Formation of a Film Conductor and Evaluation thereof (1)

[0115] A film conductor was formed on the surface of a ceramic base material (an alumina substrate having a thickness of about 0.8 mm in this example), using the conductor pastes of the examples and the comparative examples. More specifically, the conductor paste was applied onto the surface of the ceramic substrate according to commonly used screen printing, and a coating film having a predetermined thickness (10 to 30 μm: refer to the field “coating thickness” in the tables) was formed.

[0116] Then, a drying treatment was performed with a dryer using far infrared radiation at 100° C. for 15 minutes. This drying treatment volatilized the solvent from the coating film, and thus an unfired film conductor was formed on the ceramic substrate.

[0117] Then, this film conductor together with the ceramic substrate was fired, specifically, in an electrical furnace at an either temperature of 700, 750, 800, 850 and 900° C. (depending on the paste used, refer to the field “firing temperature” in the tables) for one hour. With this firing treatment, the film conductor having a predetermined thickness (refer to the field “thickness of fired film”) was attached onto the ceramic substrate. Hereinafter, “film conductor” refers to this product after firing.

[0118] Next, in order to evaluate the characteristics of each of the obtained film conductors, the value of resistance, the sheet resistance value, the solder wettability, the resistance to soldering heat and the tensile strength were tested and measured in the following manner.

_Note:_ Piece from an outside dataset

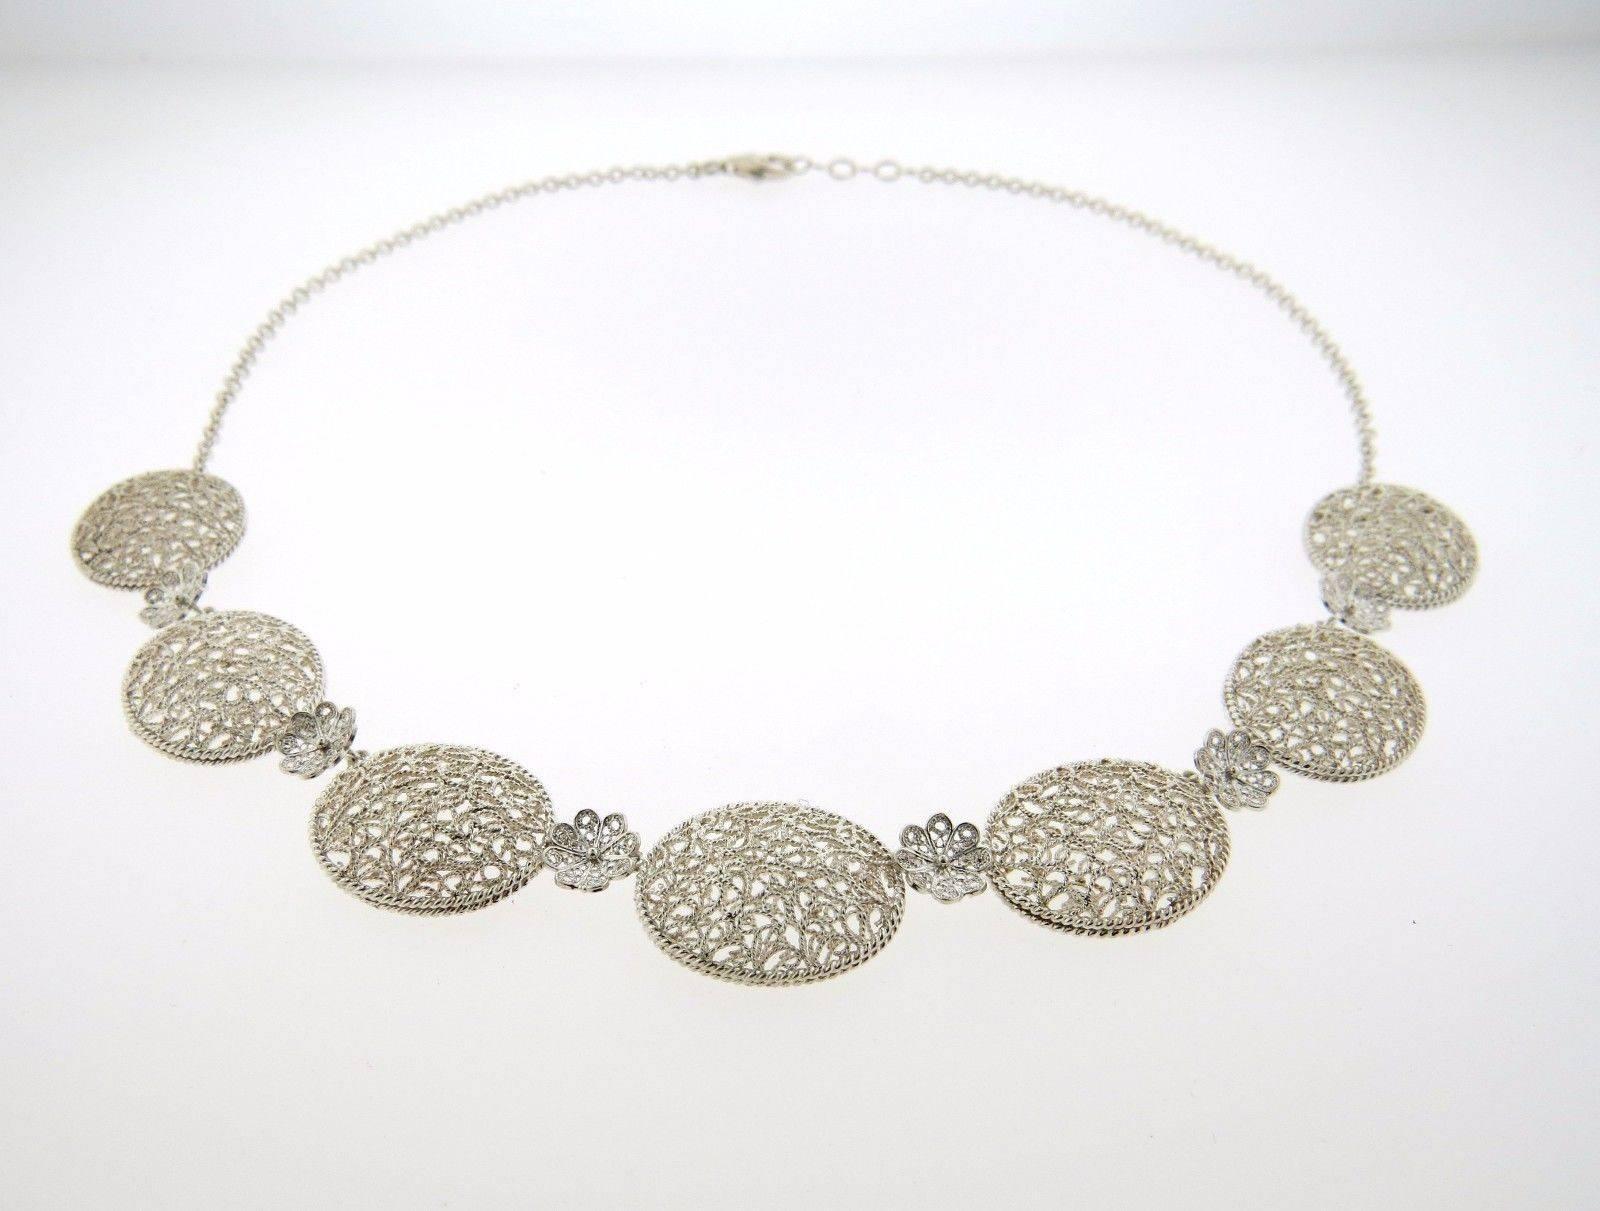 A sterling silver necklace by Buccellati.  The necklace measures 18

The results of the evaluation test of the characteristics are shown in the respective fields in Tables 1 to 10 for each paste used. In the tables, “n.d.” indicates non-measurement.

[0119] <Measurement of Resistance>

[0120] The value of resistance (Ω) of each of the film conductors obtained using the conductor pastes of Examples 1 to 7 was measured in the following manner. The value of resistance (Ω) of the film conductor was measured based on a commonly used two-terminal technique with a commercially available digital multimeter. For reference, an equation for calculating the volume resistivity value is shown below:

The volume resistivity value (Ω·cm)=(R×t×W)/L

[0121] R: the value of resistance between electrodes (Ω), t: thickness of a film conductor (cm), W: width of a film conductor, and L: distance between electrodes (cm)

[0122] <Measurement of Sheet Resistance Value>

[0123] The sheet resistance value (mΩ/) of each of the film conductors obtained using the conductor pastes of Examples 1 to 25 and Comparative Examples 1 and 2 was measured in the following manner. The sheet resistance value (mΩ) was calculated based on the value of the resistance (Ω) measured above.

[0124] The sheet resistance value (mΩ/)=measured value of resistance (Ω)×(conductor width (mm)/conductor length (mm))×(conductor thickness (μm)/converted thickness (μm)); Here, the converted thickness is 10 μm for fired products and 25 μm for printed matters.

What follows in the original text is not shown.